WHAT THE TASK REQUIRES: Please return every line of the records below that holds the word "como".

[Recorded data]
_ _ _
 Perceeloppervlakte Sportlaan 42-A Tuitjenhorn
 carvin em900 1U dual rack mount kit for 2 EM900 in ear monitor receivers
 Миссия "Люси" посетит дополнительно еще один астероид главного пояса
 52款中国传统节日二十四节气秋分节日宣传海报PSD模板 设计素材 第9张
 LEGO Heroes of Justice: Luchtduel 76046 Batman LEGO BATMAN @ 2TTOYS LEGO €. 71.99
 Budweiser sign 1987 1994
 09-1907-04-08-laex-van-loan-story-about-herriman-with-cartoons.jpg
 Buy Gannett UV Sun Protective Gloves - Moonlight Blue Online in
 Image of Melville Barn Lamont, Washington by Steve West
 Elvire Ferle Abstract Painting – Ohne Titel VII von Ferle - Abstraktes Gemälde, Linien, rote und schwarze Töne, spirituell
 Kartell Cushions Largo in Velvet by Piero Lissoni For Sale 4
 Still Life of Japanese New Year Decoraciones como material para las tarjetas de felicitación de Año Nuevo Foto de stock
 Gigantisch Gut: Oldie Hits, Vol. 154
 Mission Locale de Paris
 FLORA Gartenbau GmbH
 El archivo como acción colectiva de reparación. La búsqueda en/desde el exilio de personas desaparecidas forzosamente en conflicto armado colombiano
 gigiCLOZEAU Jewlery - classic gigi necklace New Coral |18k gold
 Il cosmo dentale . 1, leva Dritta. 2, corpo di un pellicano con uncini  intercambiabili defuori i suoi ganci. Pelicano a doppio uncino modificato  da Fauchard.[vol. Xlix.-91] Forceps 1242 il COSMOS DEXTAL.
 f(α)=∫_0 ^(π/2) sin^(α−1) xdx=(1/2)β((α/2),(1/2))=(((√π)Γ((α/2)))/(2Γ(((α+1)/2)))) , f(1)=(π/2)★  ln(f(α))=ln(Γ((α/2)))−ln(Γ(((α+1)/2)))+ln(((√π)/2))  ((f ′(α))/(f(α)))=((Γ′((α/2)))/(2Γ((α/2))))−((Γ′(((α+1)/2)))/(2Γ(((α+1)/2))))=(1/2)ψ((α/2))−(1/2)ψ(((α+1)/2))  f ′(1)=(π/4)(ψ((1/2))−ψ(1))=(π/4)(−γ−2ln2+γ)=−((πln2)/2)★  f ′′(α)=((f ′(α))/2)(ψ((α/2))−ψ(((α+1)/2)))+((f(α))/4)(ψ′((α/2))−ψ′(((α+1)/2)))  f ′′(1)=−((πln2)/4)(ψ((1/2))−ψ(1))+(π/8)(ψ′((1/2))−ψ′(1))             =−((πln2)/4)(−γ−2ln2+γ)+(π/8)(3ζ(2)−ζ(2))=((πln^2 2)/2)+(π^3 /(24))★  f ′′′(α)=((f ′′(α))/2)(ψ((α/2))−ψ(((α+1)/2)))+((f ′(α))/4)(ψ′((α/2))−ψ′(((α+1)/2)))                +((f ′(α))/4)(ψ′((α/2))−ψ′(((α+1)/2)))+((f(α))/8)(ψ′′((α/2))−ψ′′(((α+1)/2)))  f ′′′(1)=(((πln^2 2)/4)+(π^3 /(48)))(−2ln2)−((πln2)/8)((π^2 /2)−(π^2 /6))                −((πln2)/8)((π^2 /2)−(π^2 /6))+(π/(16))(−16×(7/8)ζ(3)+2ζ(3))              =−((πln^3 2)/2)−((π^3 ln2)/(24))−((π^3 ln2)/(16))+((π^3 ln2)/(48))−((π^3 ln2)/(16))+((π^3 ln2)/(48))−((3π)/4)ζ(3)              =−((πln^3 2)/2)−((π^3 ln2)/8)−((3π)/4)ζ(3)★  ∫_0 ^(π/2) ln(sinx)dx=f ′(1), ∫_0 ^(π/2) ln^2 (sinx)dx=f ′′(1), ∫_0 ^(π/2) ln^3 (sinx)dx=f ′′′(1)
_ _ _
OUTPUT:
 Still Life of Japanese New Year Decoraciones como material para las tarjetas de felicitación de Año Nuevo Foto de stock
 El archivo como acción colectiva de reparación. La búsqueda en/desde el exilio de personas desaparecidas forzosamente en conflicto armado colombiano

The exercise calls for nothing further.